Thursday, October 9, 2008

Sinusoidal Variances about the Trend Line

Today is the one-year anniversary of the DJIA closing at its highest point ever, at 14,163. It had gone higher than that—the 52 week high is 14,279.96 in midday trading. As of this writing, it is a full 5000 points off from peak, struggling in the low 9000 range. 8000 territory is just a hiccup away.

There have been wild fluctuations of peaks and troughs on this downward pathway, and there is always plenty of financial analysis why it is up one day and down the next. Try as I might to resist, on occasion I succumb to correlating an up or downshift with a current event.

What matters, though, is the trend line. The market, being an imperfect tool for knowing the trend line precisely, will predictably cycle around it in a sine-wave fashion, with day traders knowing this and going long and short to play off of these inevitable rhythms.

Despite the day-to-day financial craziness lately, the DJIA trend line over the past year has been very stable, falling constantly at a rate of—eyeballing the chart—just under 3000 points per year, with it bucking that trend only in the last few days in a serious downward shift. Crashes tend to start slow and accelerate in the middle—and then what happens at the end varies case by case, so it is possible we might be entering the accelerated middle phase.

So, I welcome financial commentators to explain why the trend line is dropping at a rate of almost 3000/year (with peak-to-trough being 2000 points higher than that).

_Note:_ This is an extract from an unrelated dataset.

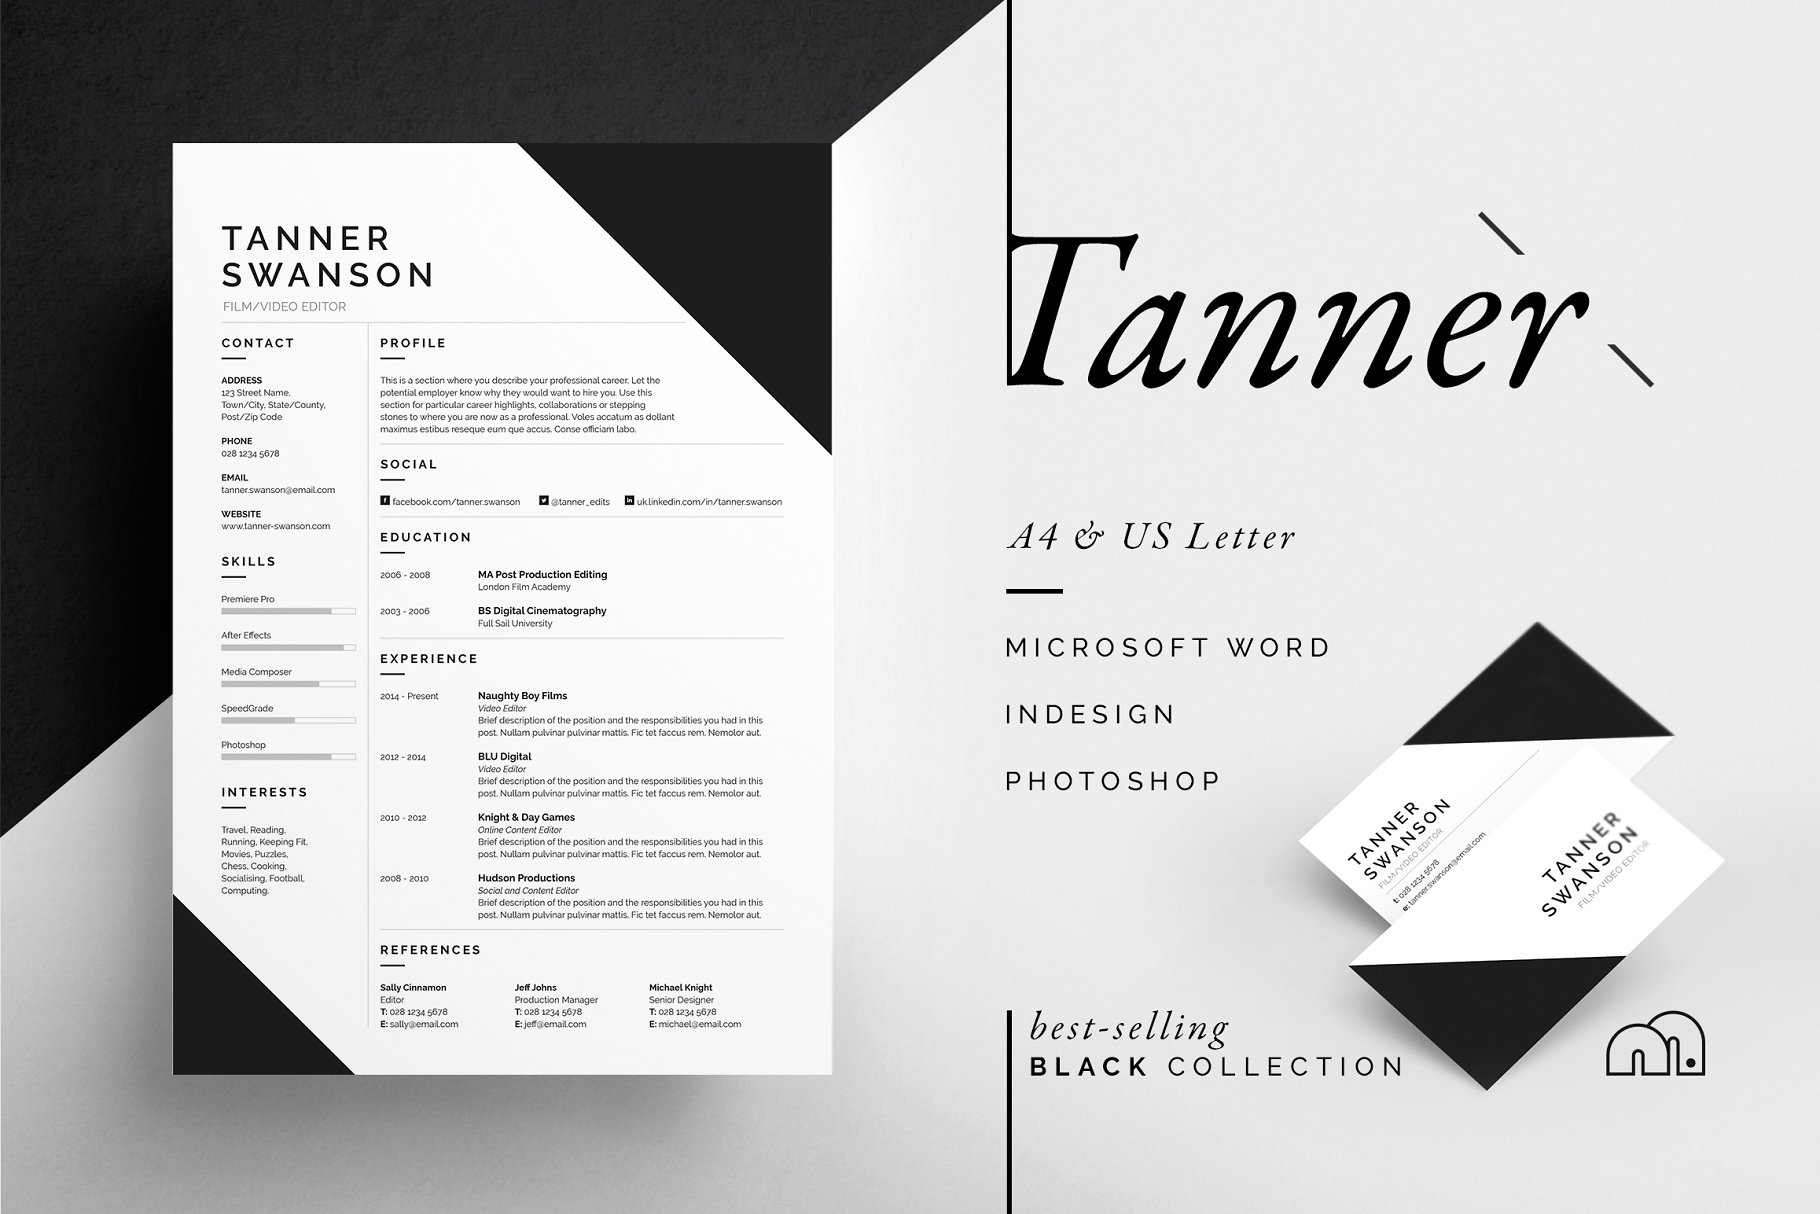 专业且酷炫的简历模板 Tanner – Resume/CV插图

If they say it is because of the credit crisis, then I’d ask if there is any reason to believe the current trend will not continue for the next year. If they answer because the financial industry is getting a bailout, then I would say, lets get some popcorn, kick our feet up on the desk, and watch the action as it unfolds.

But I’ll try to avoid getting excited about short-term fluctuations, including this current one. This is a deep spike downward, but I anticipate there will be some recovery before proceeding with its steady downward course.

ADDENDUM: ...and what an anniversary this was, with an already bottomed-out DJIA dropping an additional 7% to 8579, mostly in late-day trading. Not long ago any bottom calls in the 8000s were considered radical, and there is plenty of steam left in this bust.